Putting too much effort into improving large-scale testing before we have a better understanding of how we want to use it and before we address the underlying factors affecting student performance and/or school quality seems to me to be a fool’s errand.

Since the passage of ESEA in 1965, we have more than 50 years of test results showing consistent gaps in achievement. We have state-level NAEP data since 1992 showing the same thing. Thanks to NCLB, we have more state test data than we can handle, disaggregated in more ways than anyone can possibly understand.

I am at least 15 years beyond the point of believing that simply building a better large-scale test is going to make that much of a difference.

Wag The Dog

There are, of course, grains of truth in the adage “what gets tested, gets taught,” and in the belief that curriculum and instruction are influenced more by the items that appear on the state test than by the contents of the state’s rigorous college-and-career ready standards.

I suspect that the influence of the state test on curriculum and instruction is directly proportional to the consequences associated with the test for individual districts; and therefore, is inversely proportional to the capacity, or ability, of the district to meet the state’s performance expectations.

That is, the state test will have a greater influence on behaviors in low-performing districts than in high-performing districts. To a certain point, that outcome is what we are seeking by implementing a state assessment program. In general, we want people to pay more attention to any measure when it is in the “red zone” than when it tells us that everything is fine.

Problems arise, of course, when local educators and state policymakers drift beyond that certain point and instead of a desirable outcome we get undesirable behaviors – in particular, the classic case of the tail wagging the dog.

Actually, the case of large-scale state testing fits both negative connotations of the term wag the dog.

Something important being controlled by something much less important

At the local level, we see curriculum and instruction (which are very important) being controlled by a test score (which is much less important). Efforts to improve test scores overwhelm efforts to improve instruction and learning. And why would we expect anything different?

We state glibly that if schools improve curriculum and instruction, test scores will follow (in much the same way and with the same chance that it could happen as NCLB stating that states should test students in mathematics in their native language to the extent practicable). Without the infrastructure, resources, and capacity to improve curriculum and instruction, the best option available to districts may be to focus on improving test scores by any means necessary.

Focusing on one thing to distract attention from a more serious issue or problem

Large-scale state test results are big news and large-scale state tests are both an easy solution and an easy target.

I don’t know whether the theory of action for NCLB mandated test-based accountability every really was that simply administering annual tests would make things better. The disproportionate focus on test scores (i.e., outcomes) that we see year after year rather than on how effectively an enormous amount of state and federal money is being spent to produce the achievement reflected in those scores (i.e., inputs) does make one pause and wonder why.

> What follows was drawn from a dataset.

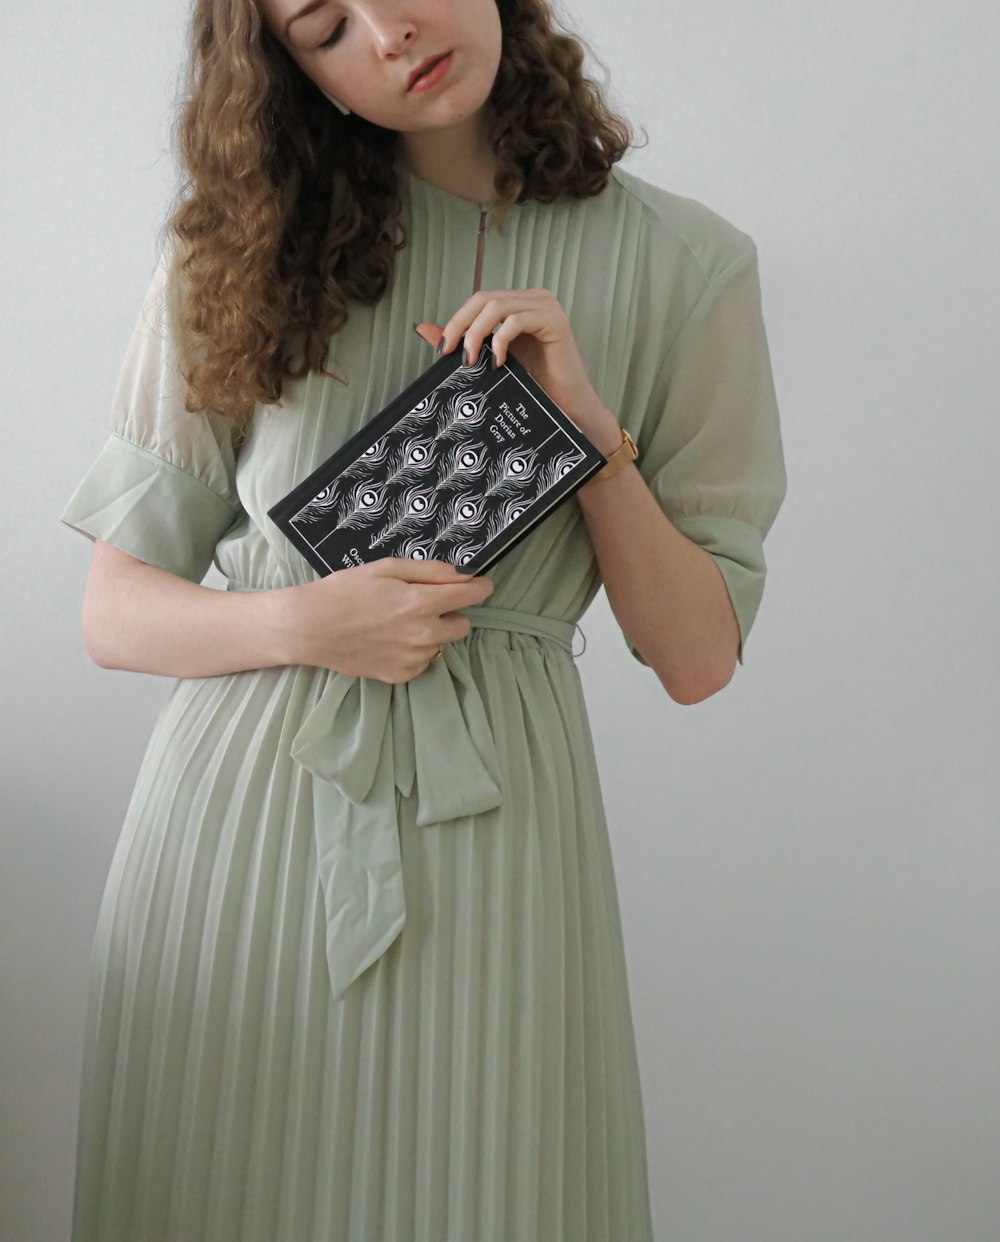 a woman in a green dress holding a black box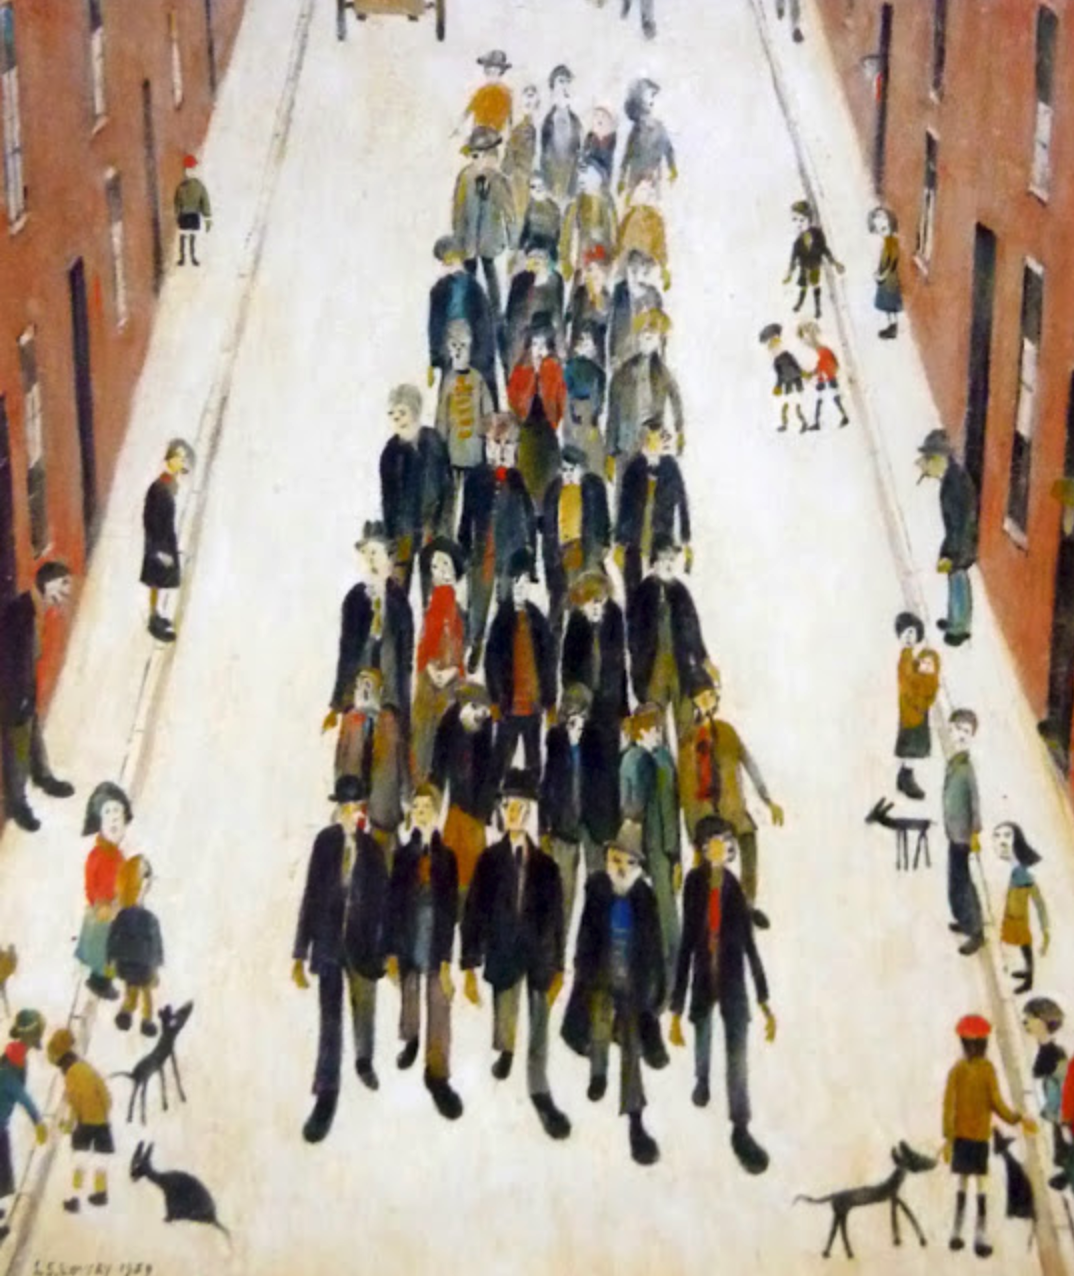 A Protest March (1959) by Laurence Stephen Lowry (1887 - 1976), English artist.

More confusing to me than state-level obsession with test scores has been the willingness of local educators (i.e., teachers’ unions) to focus so much of their limited resources on attacking state assessment.  Sure, there is room for improvement in large-scale state tests and even more room for improvement in test-based accountability. Knee-jerk complaints that K-12 large-scale tests are too expensive, too long, too irrelevant, too focused on the low-level cognitive skills, and return results that are too late and are too gross to serve any useful purpose to improve instruction do little, however, to focus attention on the underlying issues.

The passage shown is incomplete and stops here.